§ What is needed:
In the records below, find the line with "Nails My Dreams Swirls Nail Art" and the line with "Main Image - Michael"; return exactly those lines and every line between them.

§ Exercise data:
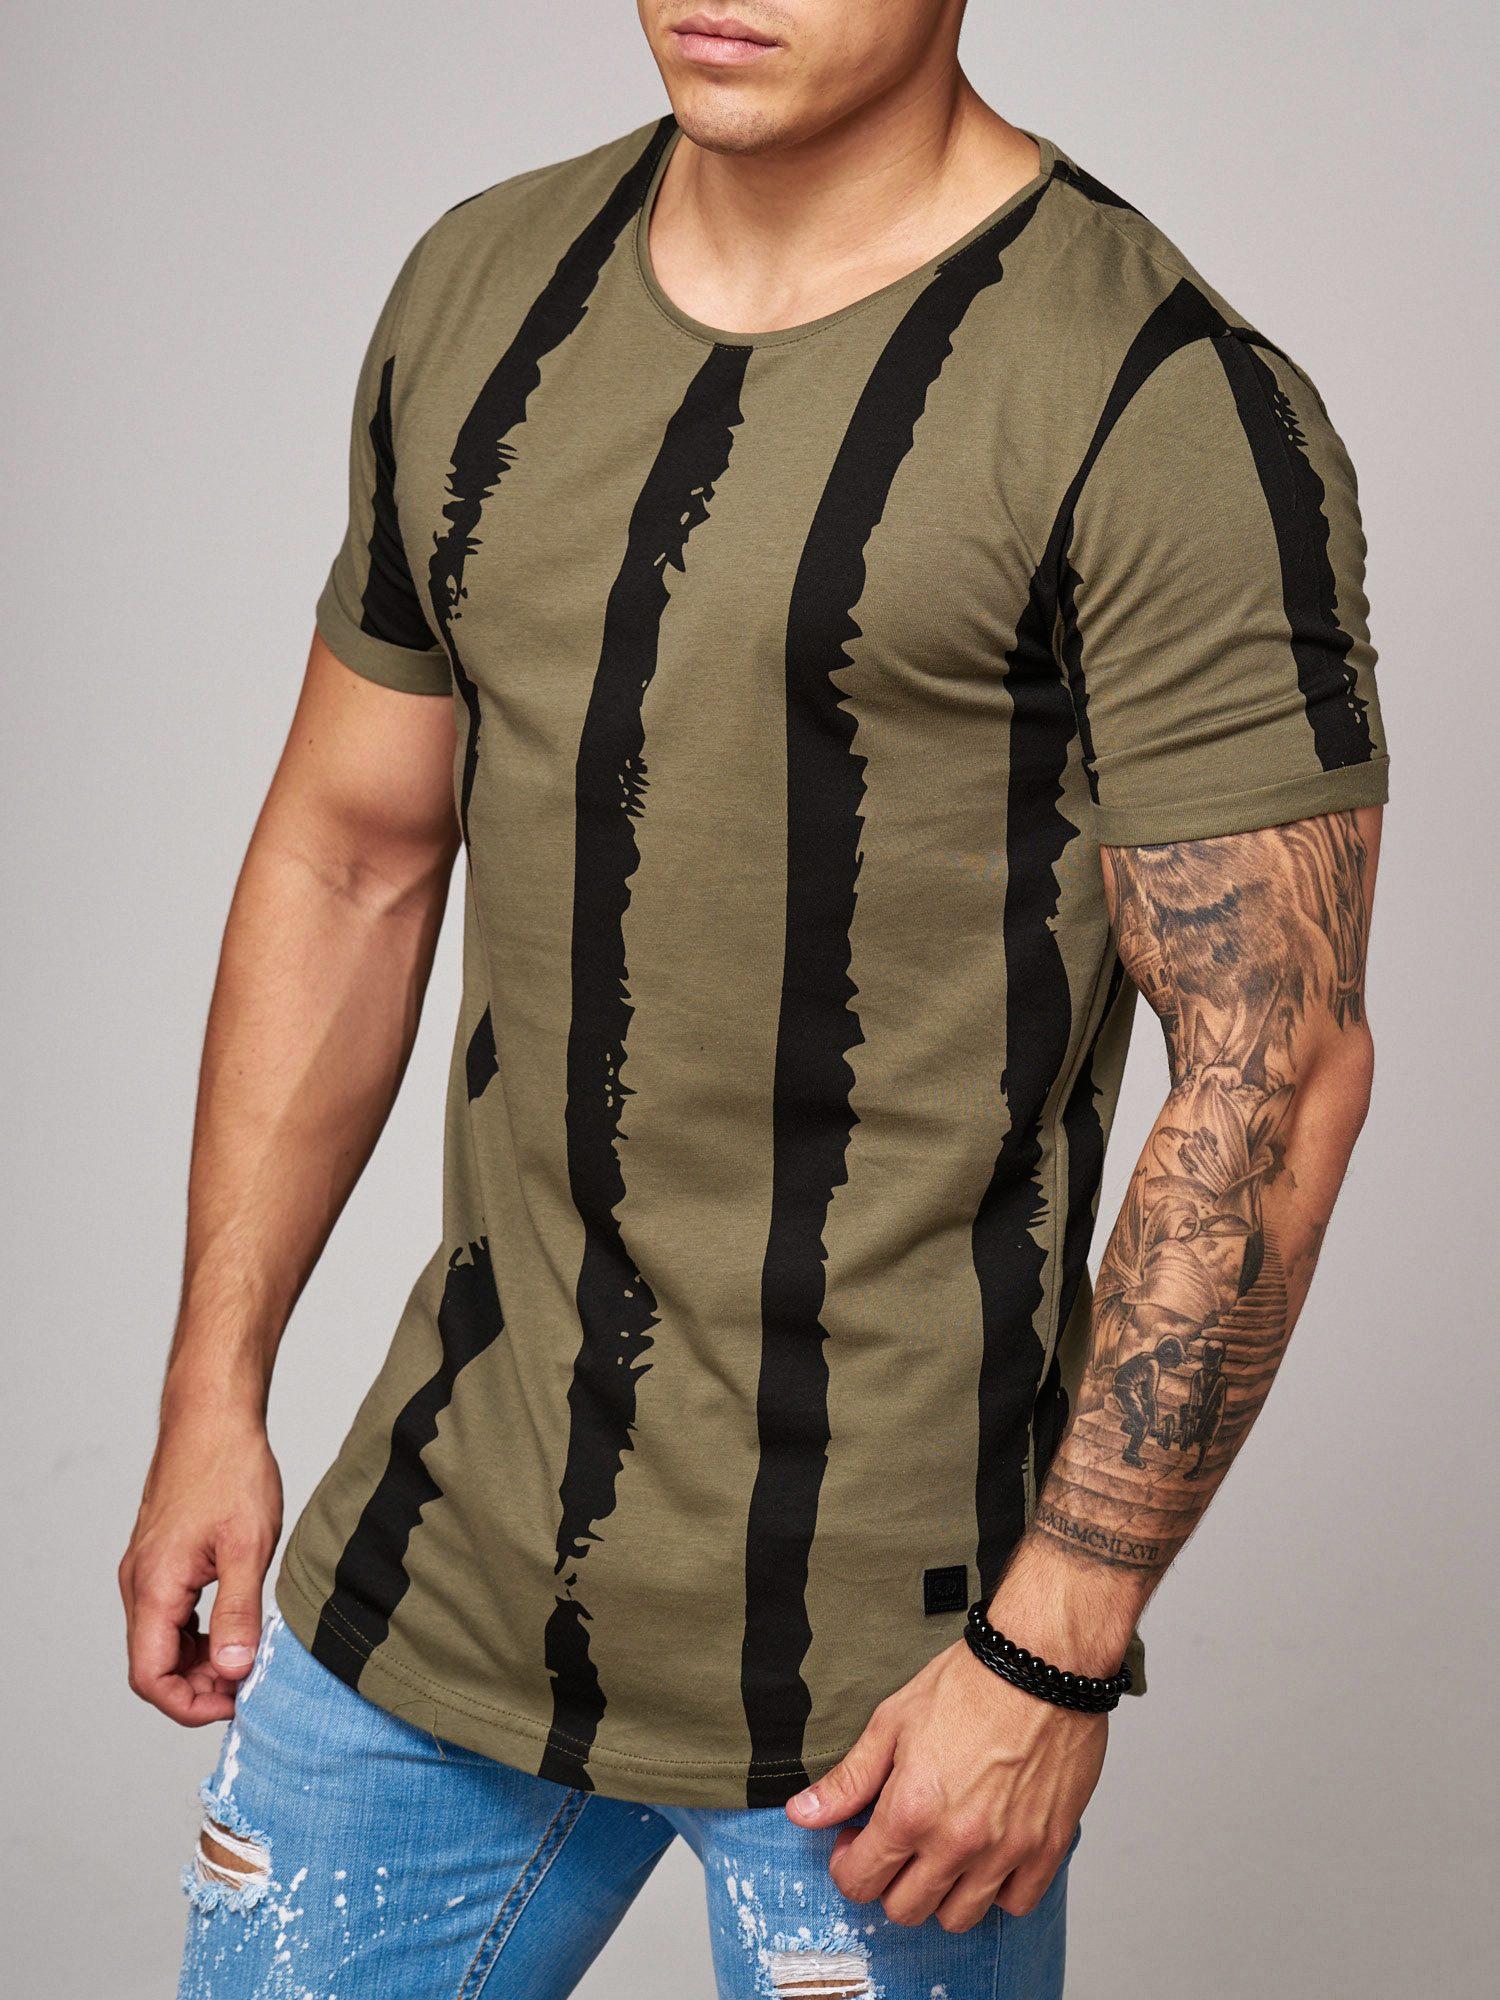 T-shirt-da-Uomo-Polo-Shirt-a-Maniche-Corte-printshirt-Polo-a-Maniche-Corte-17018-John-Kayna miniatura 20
==
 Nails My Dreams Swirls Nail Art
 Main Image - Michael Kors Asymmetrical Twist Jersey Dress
...
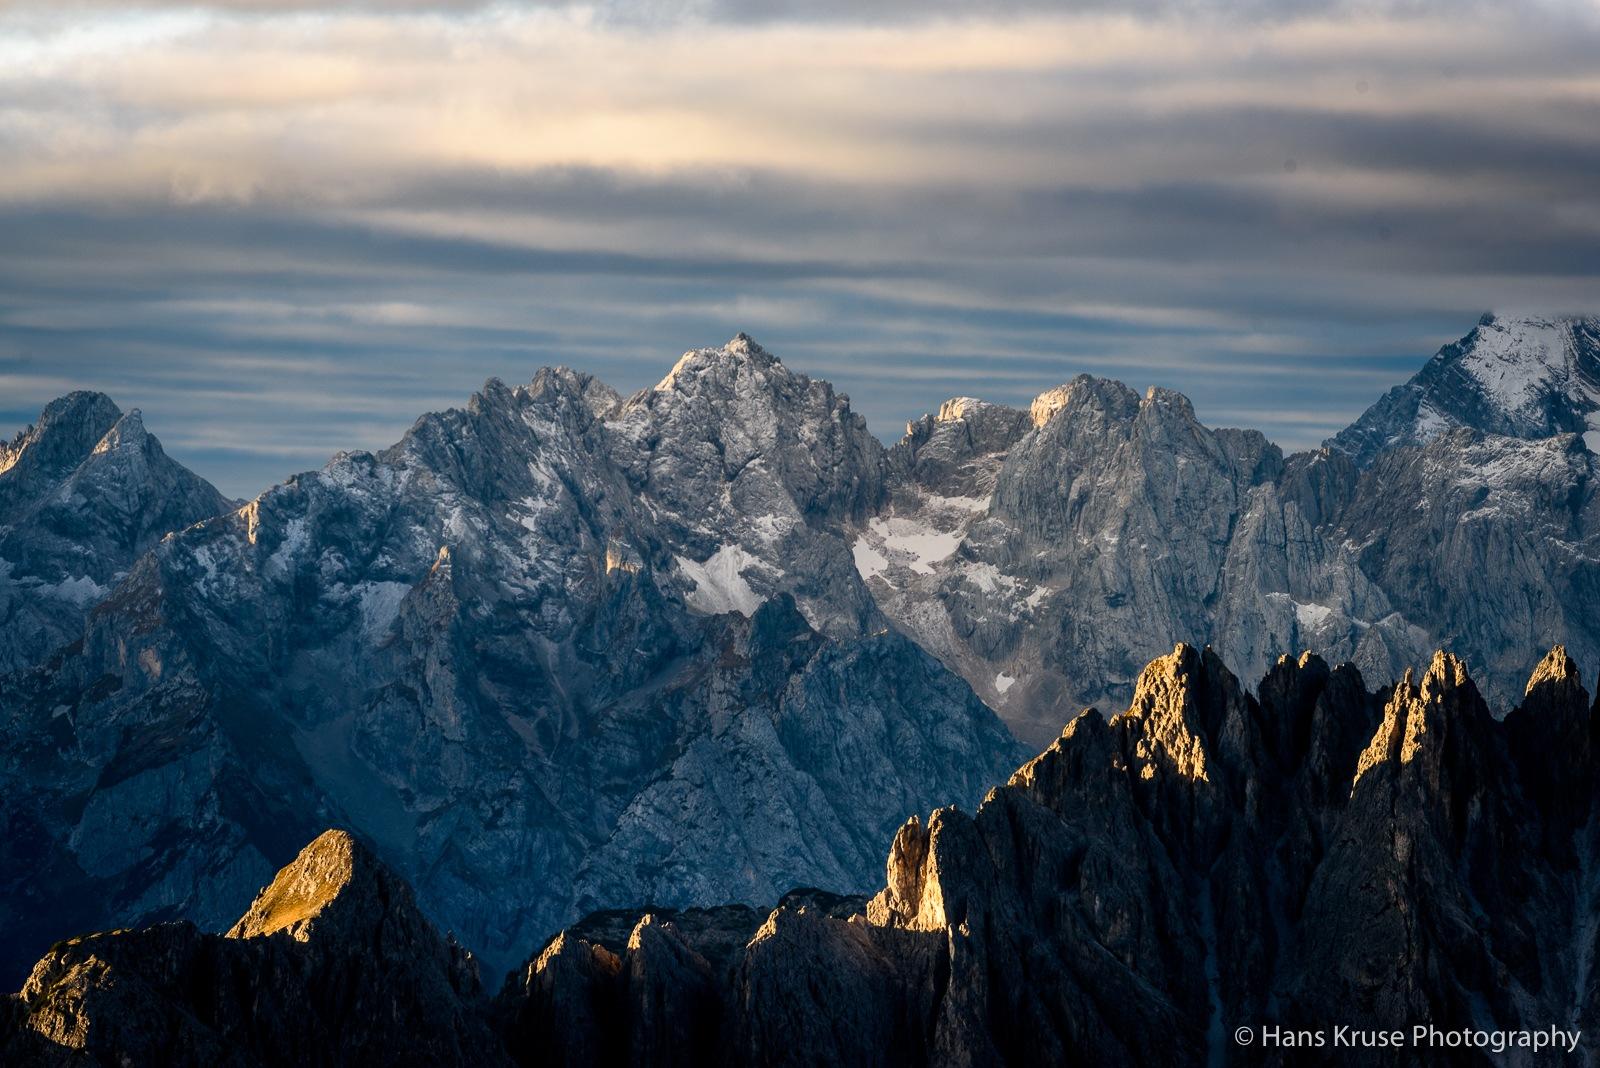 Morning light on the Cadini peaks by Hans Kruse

§ Answer below:
 Nails My Dreams Swirls Nail Art
 Main Image - Michael Kors Asymmetrical Twist Jersey Dress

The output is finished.